Amazon wearing trousers and carrying a shield with an attached patterned cloth and a quiver. Ancient Greek Attic white-ground alabastron, ca. 470 BC, British Museum, London Although women began wearing men's trousers for outdoor work a hundred years earlier in Western countries, it was taboo for women to wear trousers. It was only in the 1960s that trousers became acceptable wear for Western women.[32] Starting around the mid-19th century, Wigan pit brow girls scandalized Victorian society by wearing trousers for their work at the local coal mines. They wore skirts over their trousers and rolled them up to their waists to keep them out of the way. Although pit brow lasses worked above ground at the pit-head, their task of sorting and shovelling coal involved hard manual labour, so wearing the usual long skirts of the time would have greatly hindered their movements. Women working the ranches of the 19th-century American West also wore trousers for riding.

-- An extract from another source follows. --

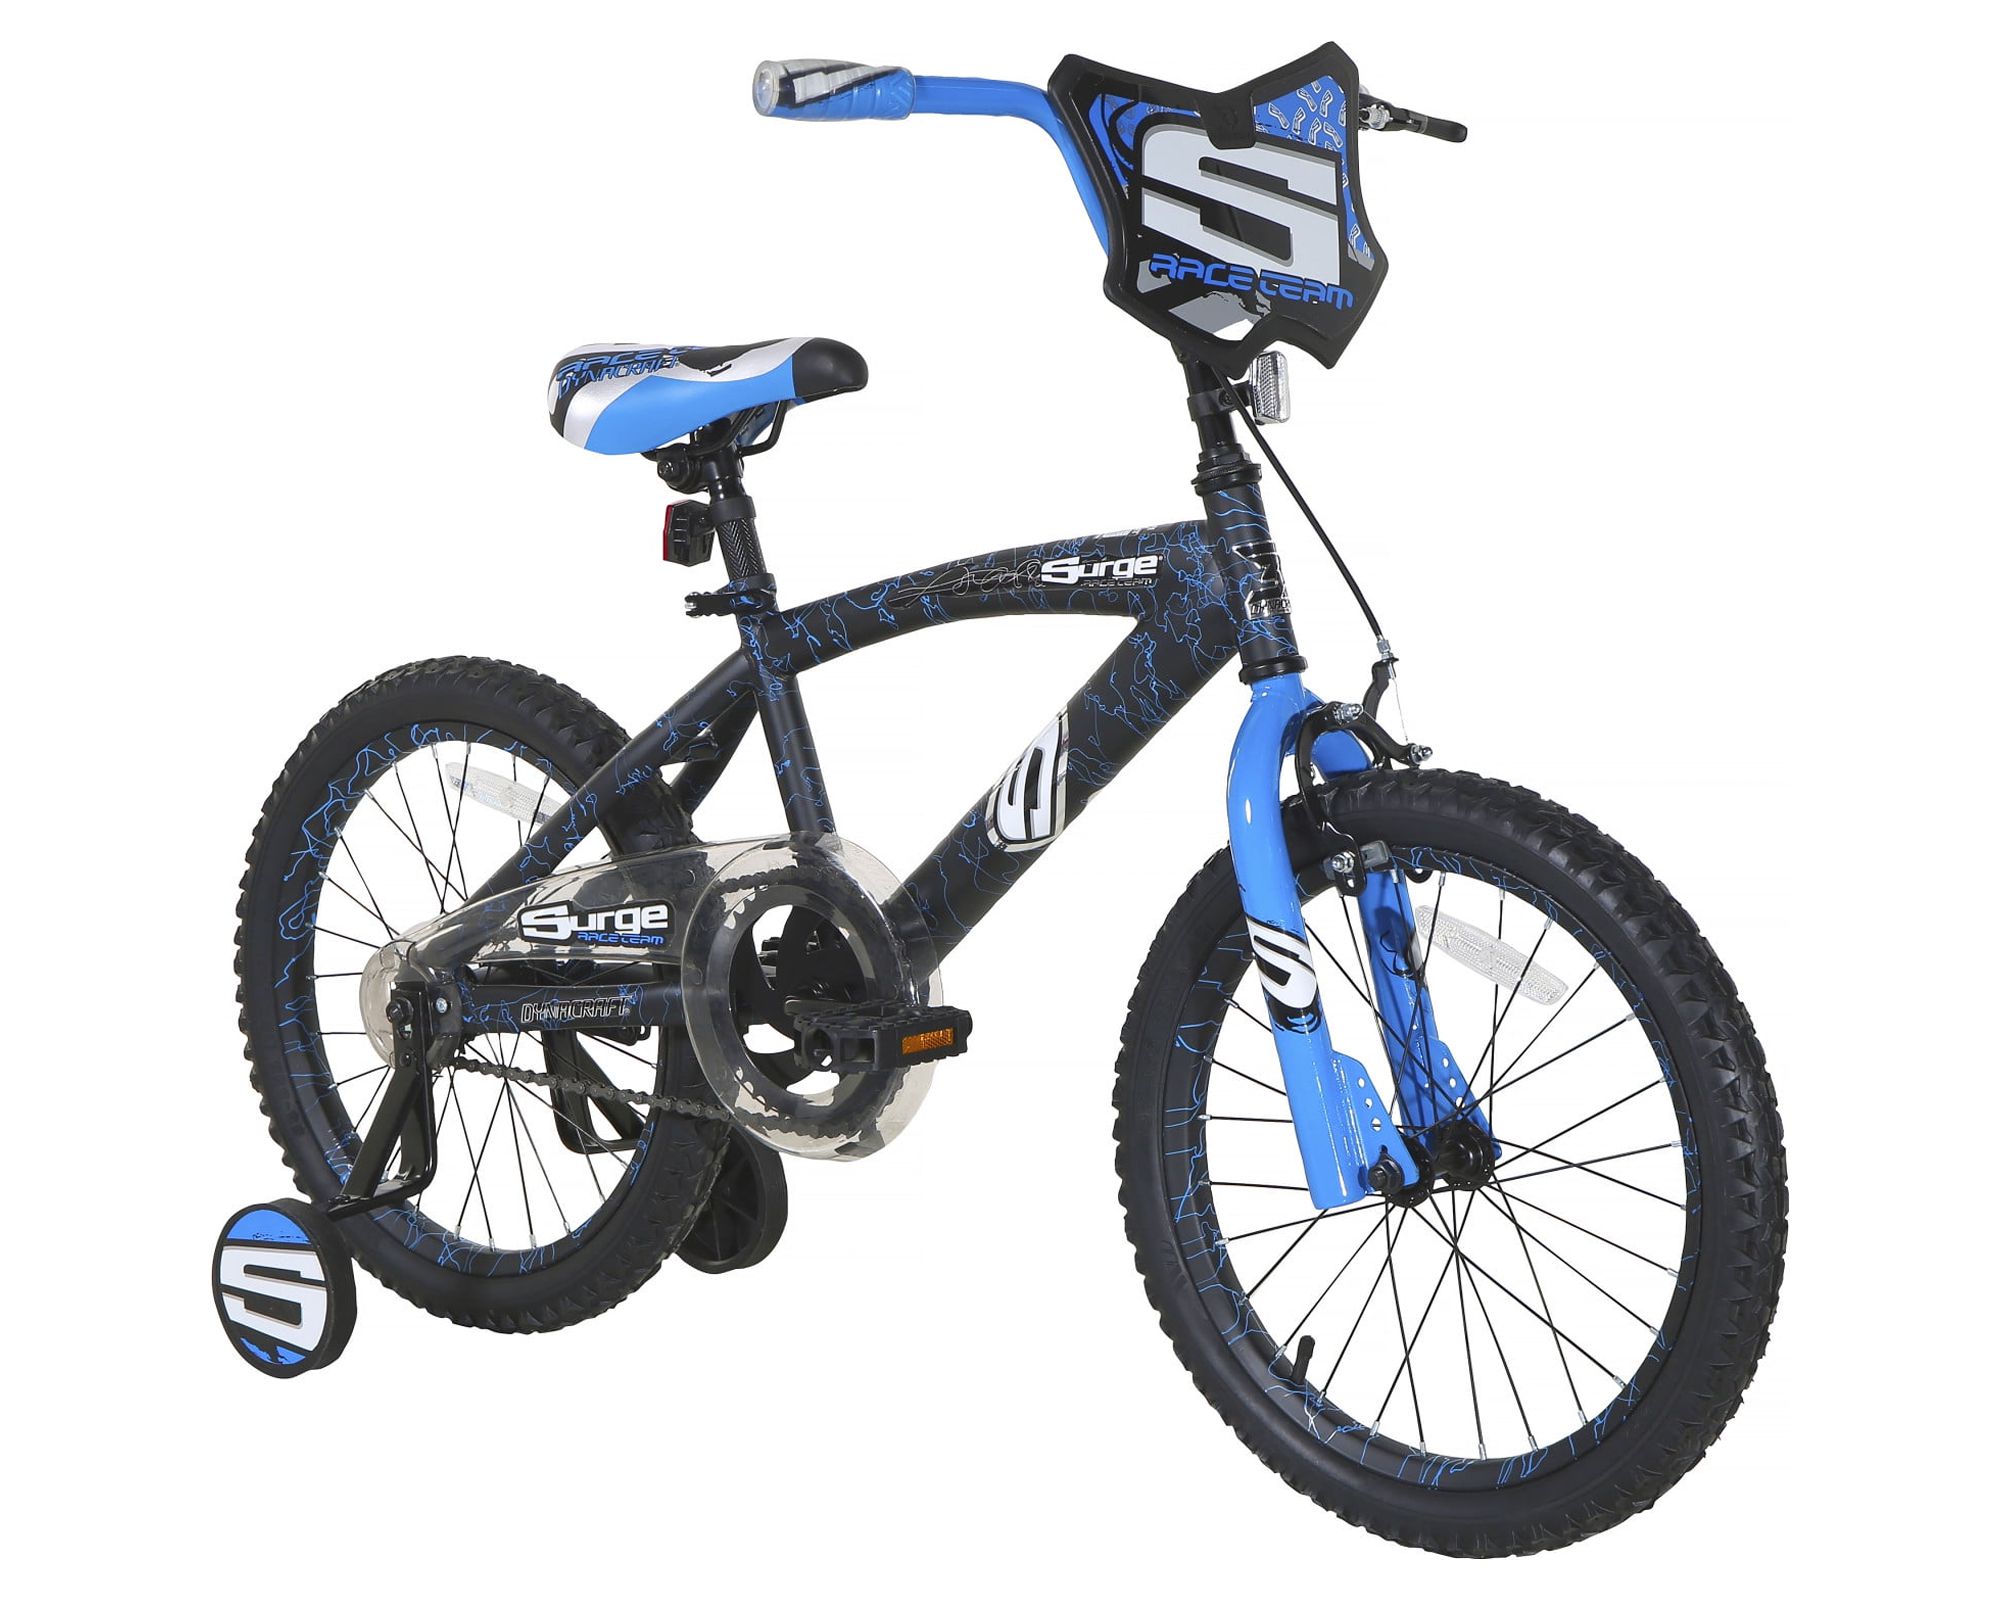 Dynacraft Surge18-inch Boys BMX Bike for Age 6-9 Years - image 1 of 11

In the early 20th century aviatrices and other working women often wore trousers. Frequent photographs from the 1930s of actresses Marlene Dietrich and Katharine Hepburn in trousers helped make trousers acceptable for women. During World War II, women working in factories and doing other forms of "men's work" on war service wore trousers when the work demanded it. In the post-war era, trousers became acceptable casual wear for gardening, the beach, and other leisurely pursuits. In Britain during the Second World War, because of the rationing of clothing, many women took to wearing their husbands' civilian clothes, including their trousers, to work while their husbands were away from home serving in the armed forces. This was partly because they were seen as practical garments of workwear and partly to allow women to keep their clothing allowance for other uses. As this practice of wearing trousers became more widespread and as the men's clothing wore out, replacements were needed. By the summer of 1944, it was reported that sales of women's trousers were five times more than they had been in the previous year.[33] In the 1960s, Andr Courrges introduced long trousers for women as a fashion item, leading to the era of the pantsuit and designer jeans and the gradual eroding of social prohibitions against girls and women wearing trousers in schools, the workplace and in fine restaurants.